» **Activity**: Everything in the records must be copied exactly except the pictures.

» **Material provided**:
###
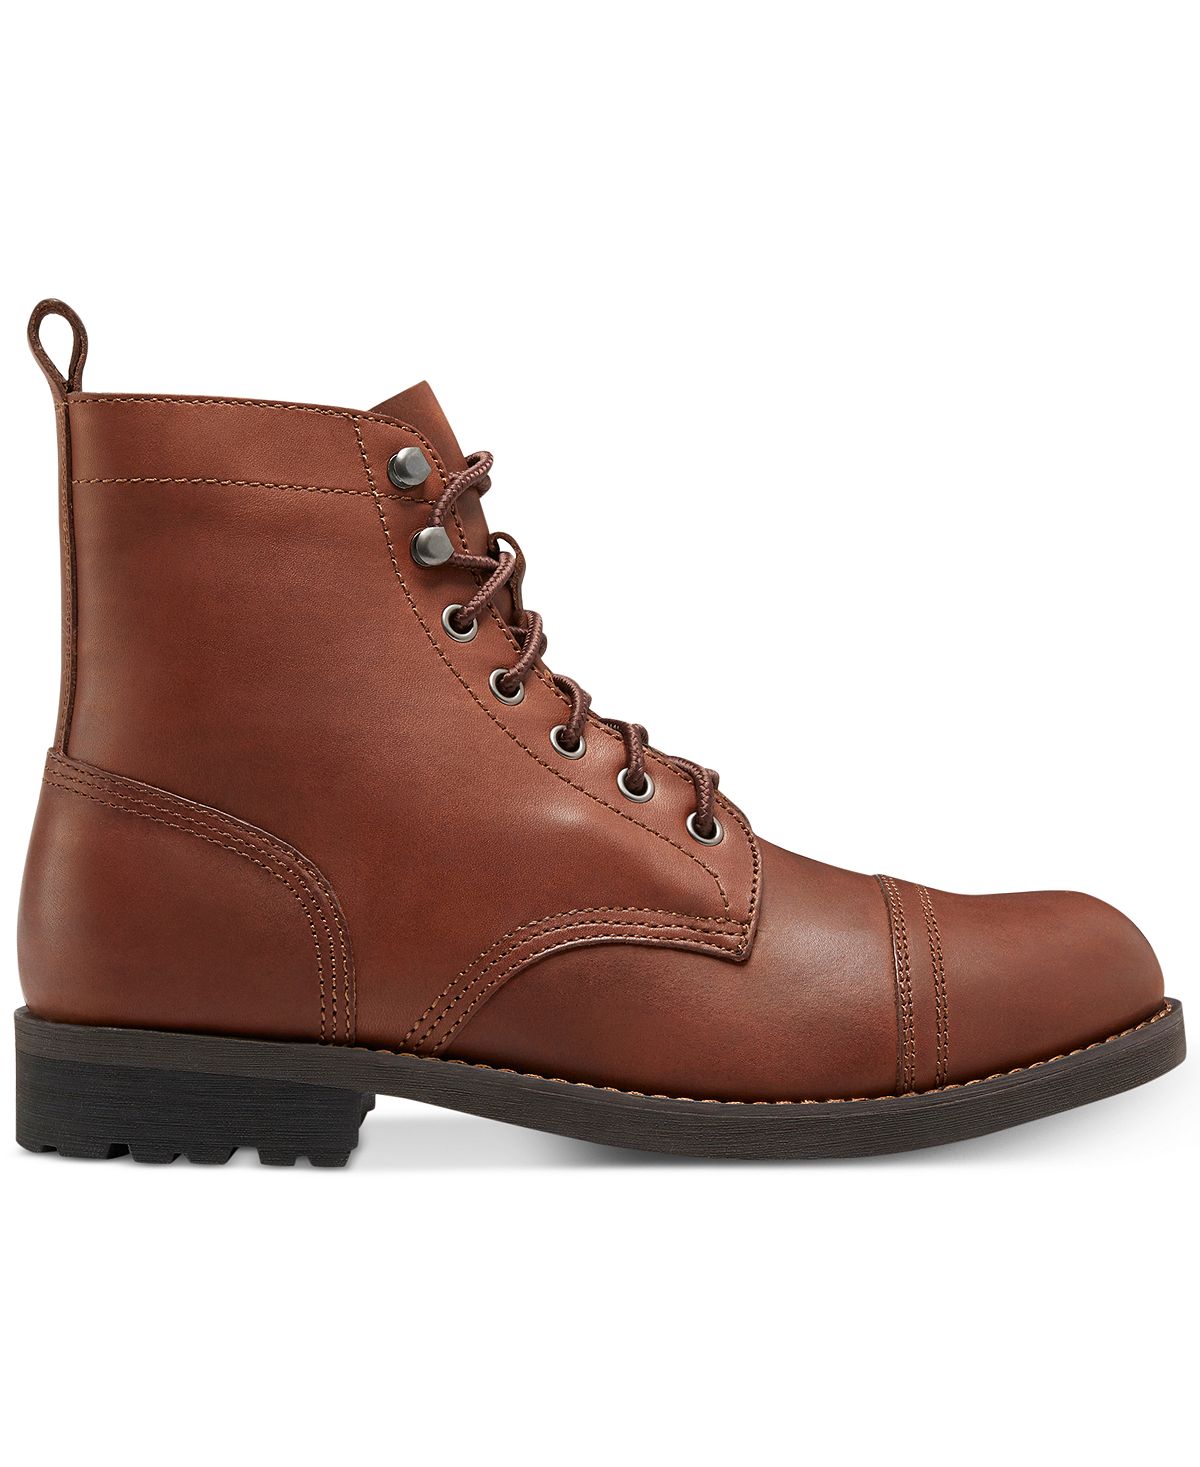 Мужские ботинки eastland jayce Eastland Shoe, коричневый – заказать повыгодной цене из-за рубежа в «CDEK.Shopping»
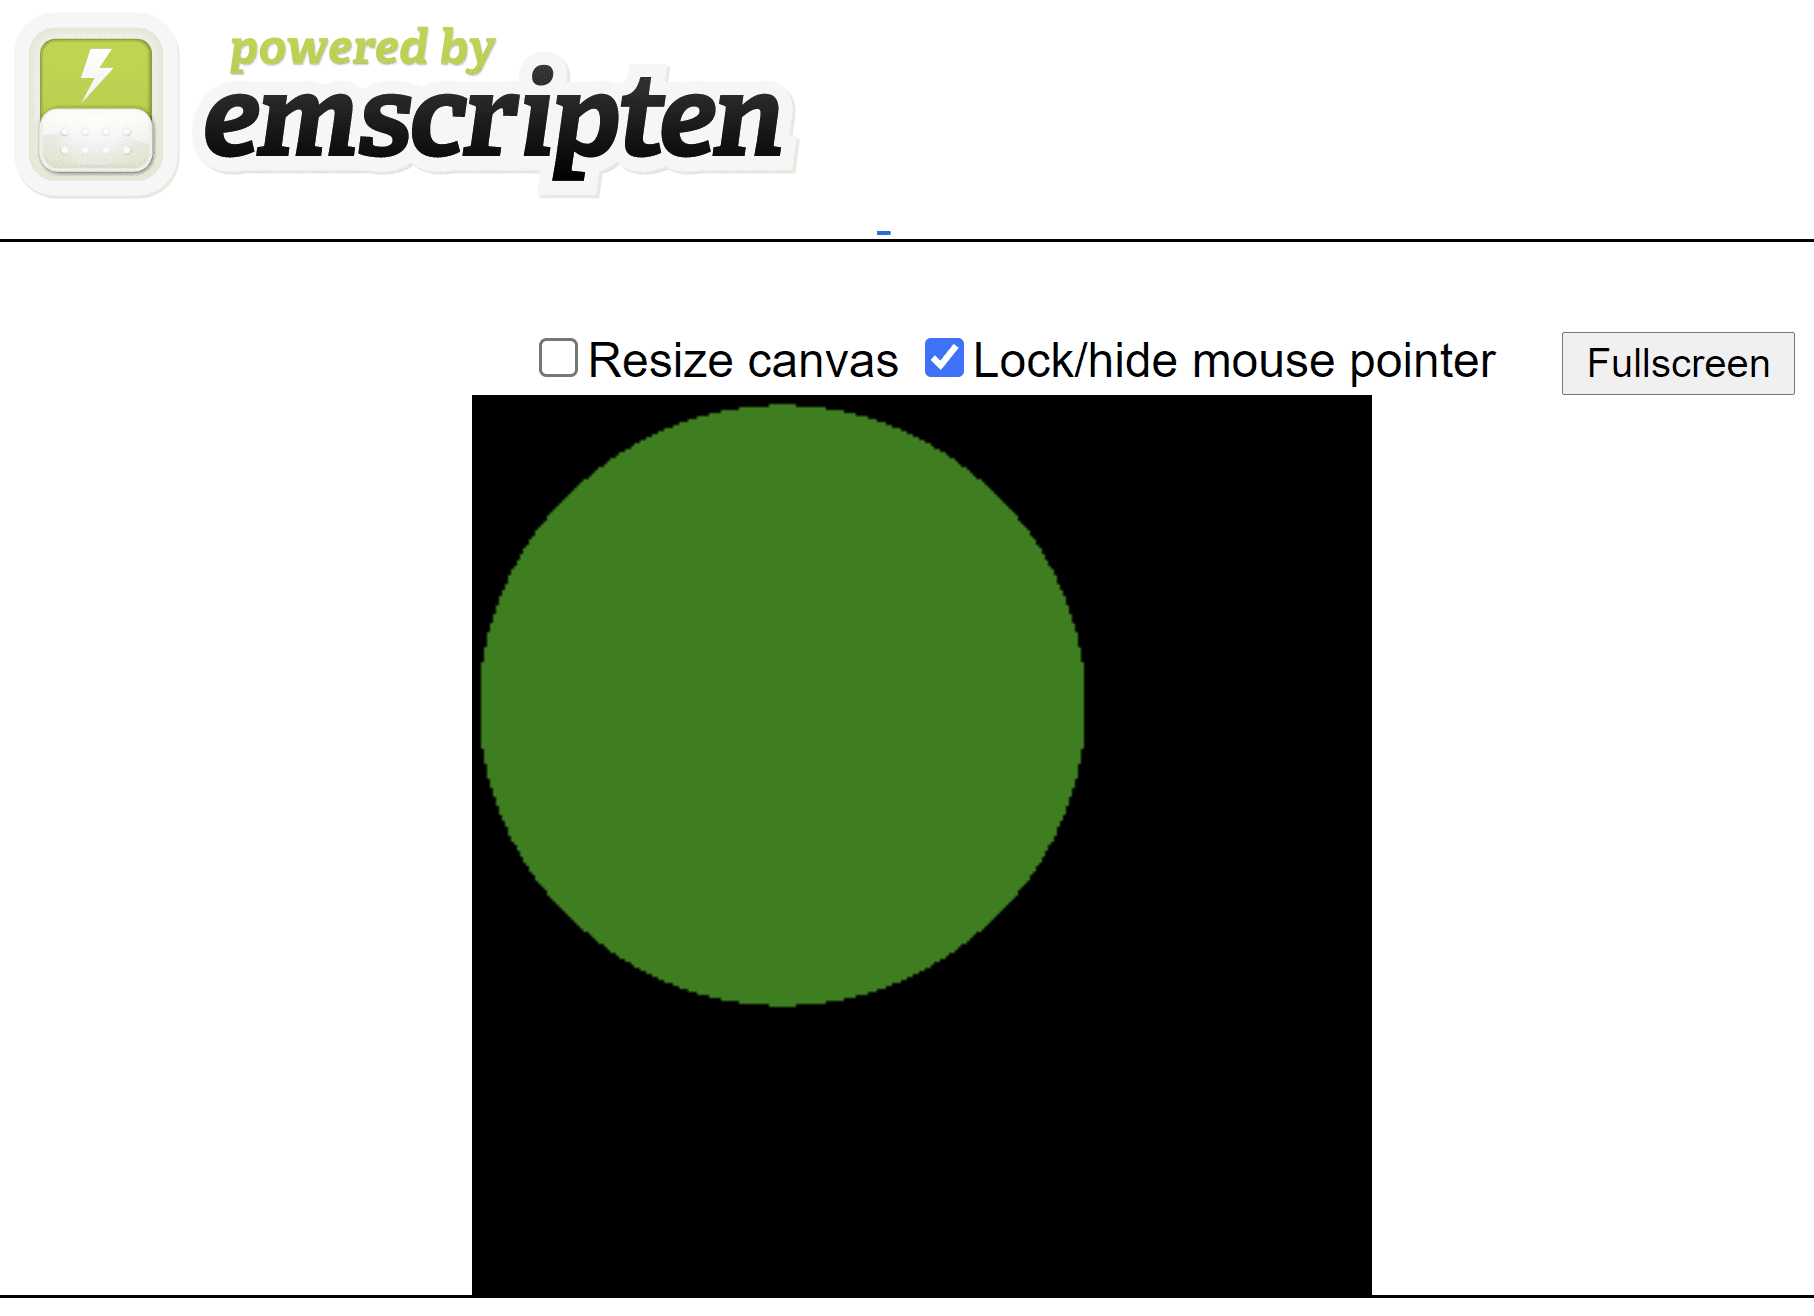 脚本生成的 HTML 网页，在黑色方形画布上显示一个绿色圆圈。
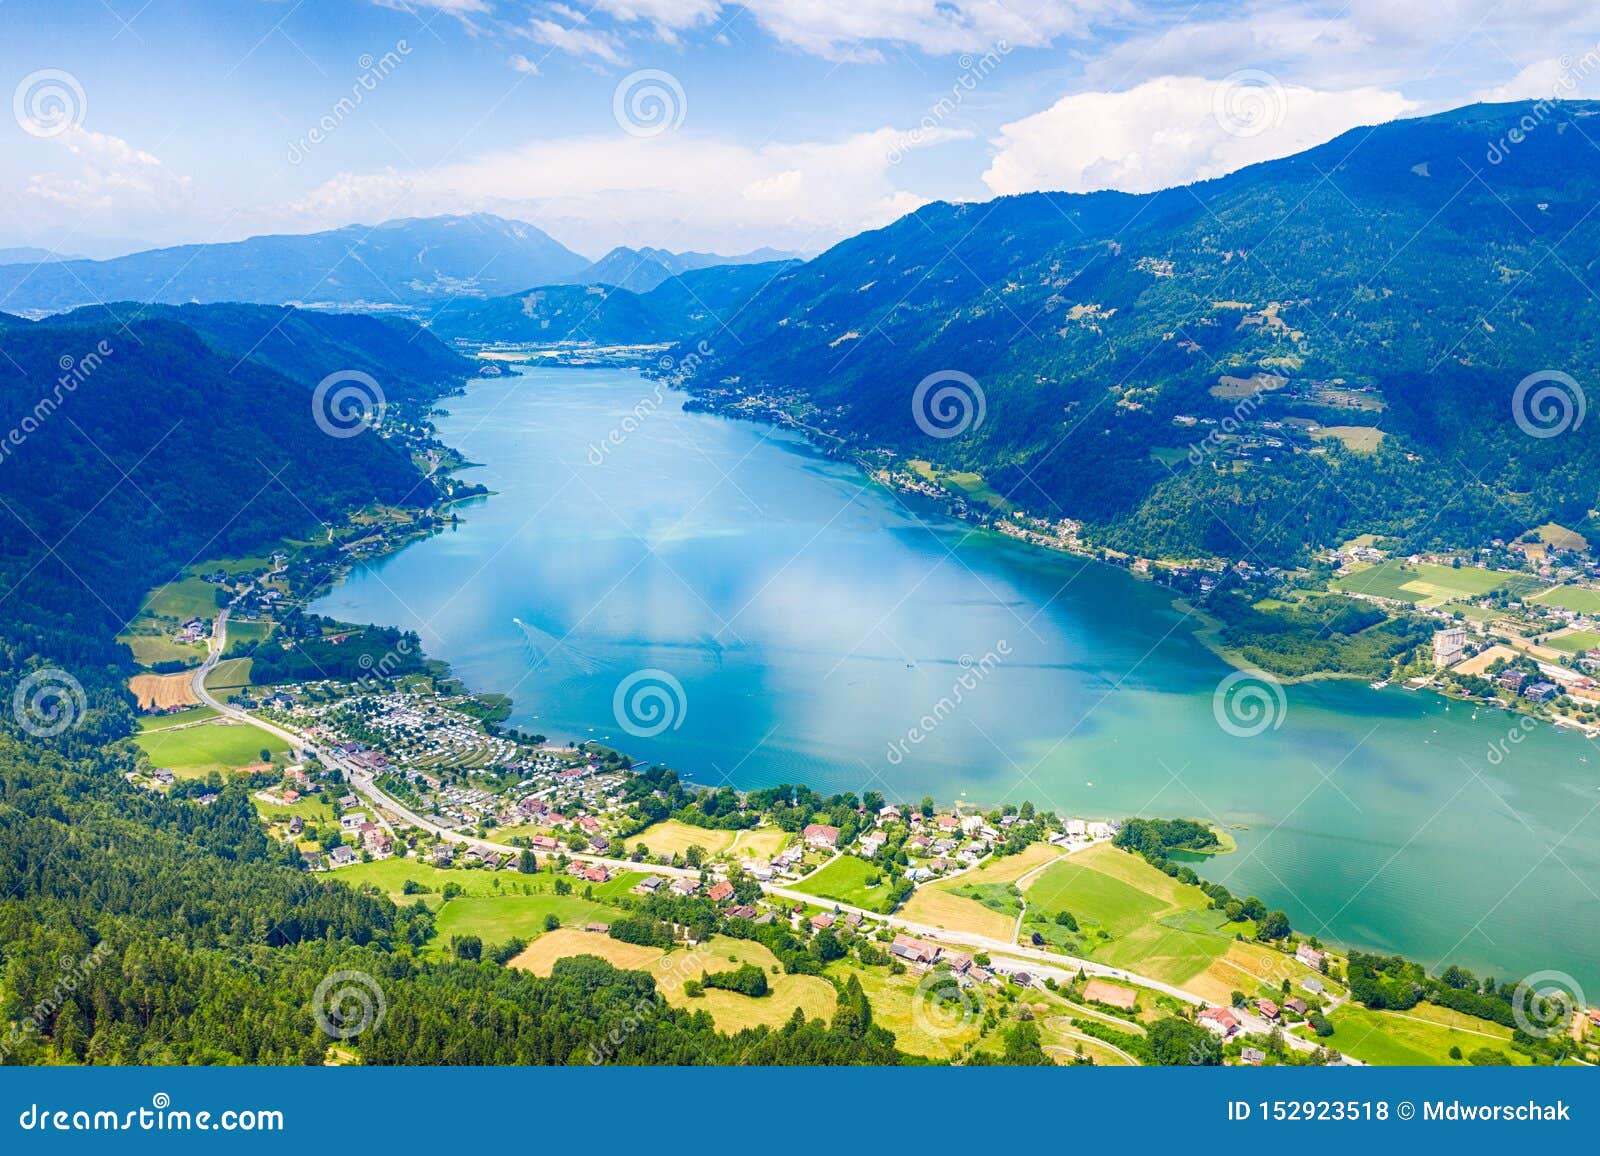 ossiacher see in kÃÂ¤rnten. scenic summertime panorama of lake ossiach
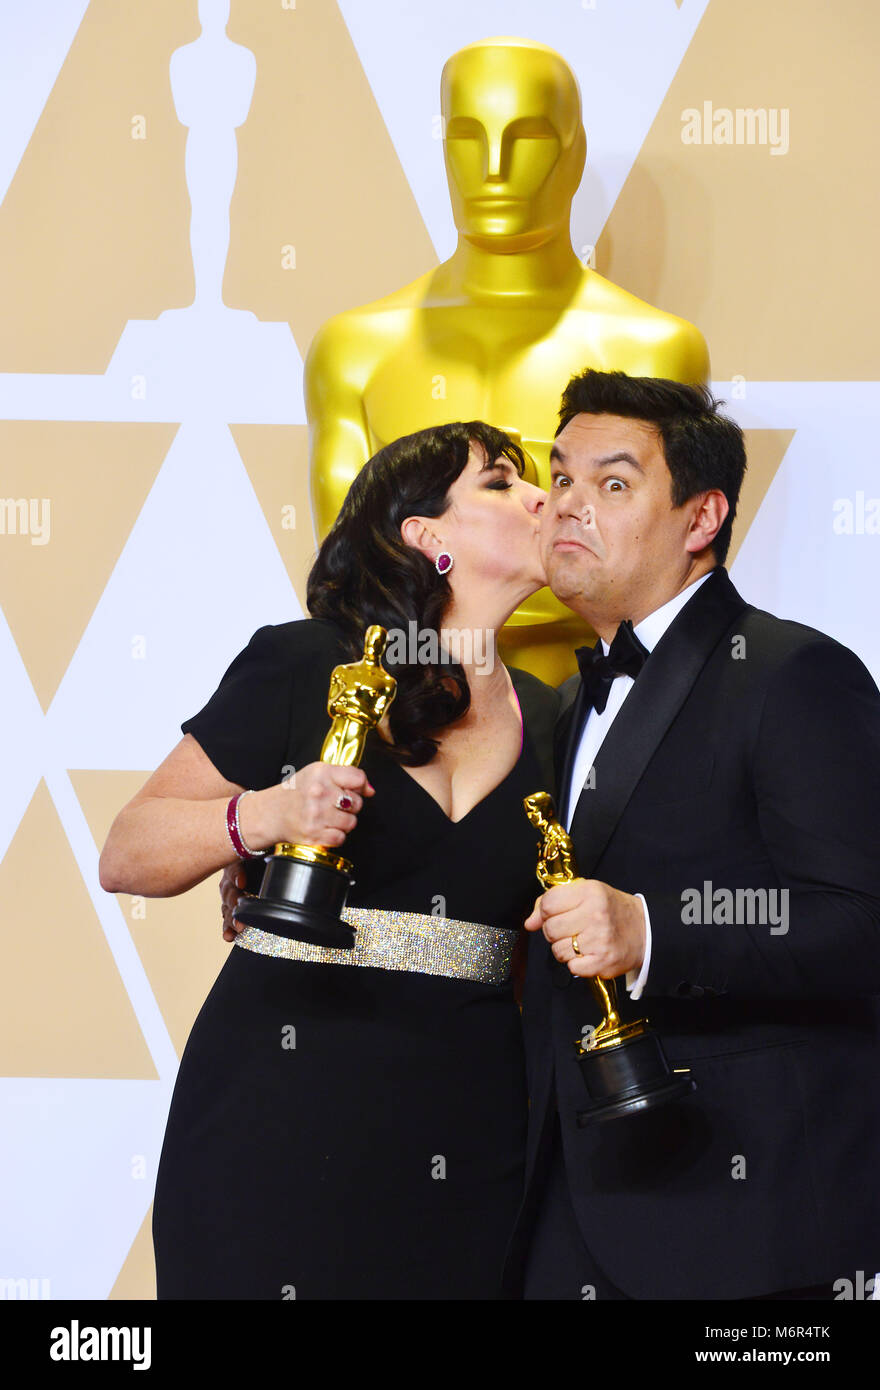 Canzone scrittori Kristen Anderson-Lopez (L) e Robert Lopez vincitori del miglior canzone originale per "Coco' pongono in sala stampa durante il novantesimo annuale di Academy Awards di Hollywood & Highland Center il 4 marzo 2018 a Hollywood, California Foto Stock
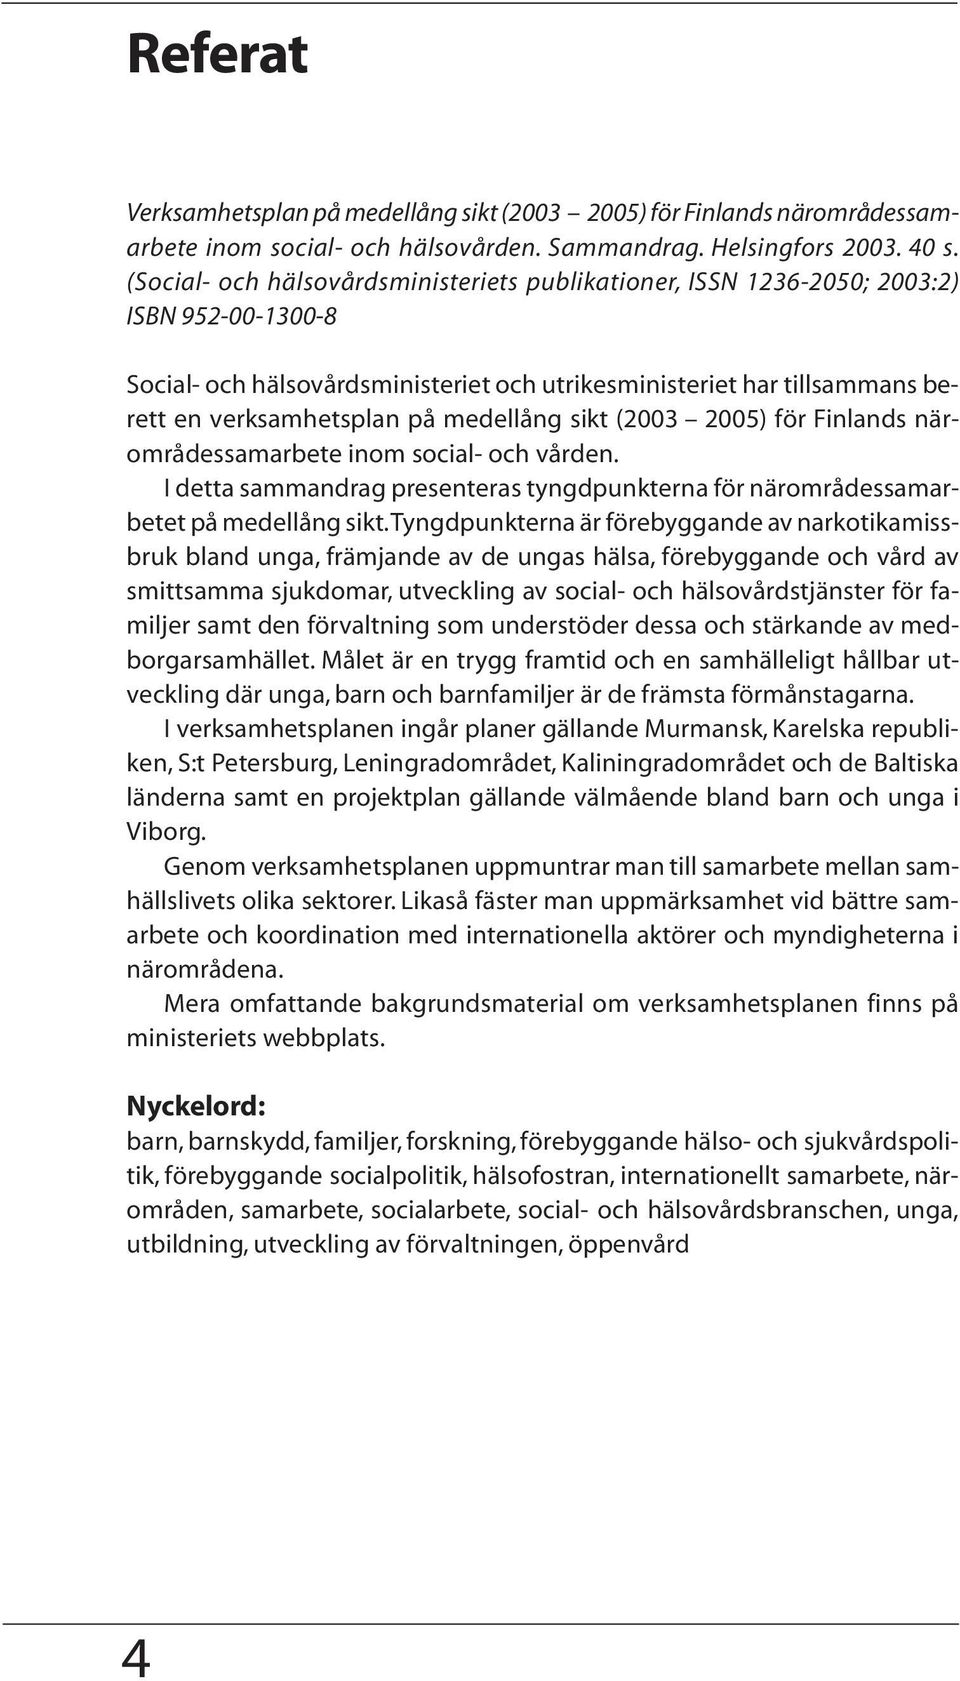 medellång sikt (2003 2005) för Finlands närområdessamarbete inom social- och vården. I detta sammandrag presenteras tyngdpunkterna för närområdessamarbetet på medellång sikt.
###
» **Task output**:
 Мужские ботинки eastland jayce Eastland Shoe, коричневый – заказать повыгодной цене из-за рубежа в «CDEK.Shopping»
 脚本生成的 HTML 网页，在黑色方形画布上显示一个绿色圆圈。
 ossiacher see in kÃÂ¤rnten. scenic summertime panorama of lake ossiach
 Canzone scrittori Kristen Anderson-Lopez (L) e Robert Lopez vincitori del miglior canzone originale per "Coco' pongono in sala stampa durante il novantesimo annuale di Academy Awards di Hollywood & Highland Center il 4 marzo 2018 a Hollywood, California Foto Stock
 medellång sikt (2003 2005) för Finlands närområdessamarbete inom social- och vården. I detta sammandrag presenteras tyngdpunkterna för närområdessamarbetet på medellång sikt.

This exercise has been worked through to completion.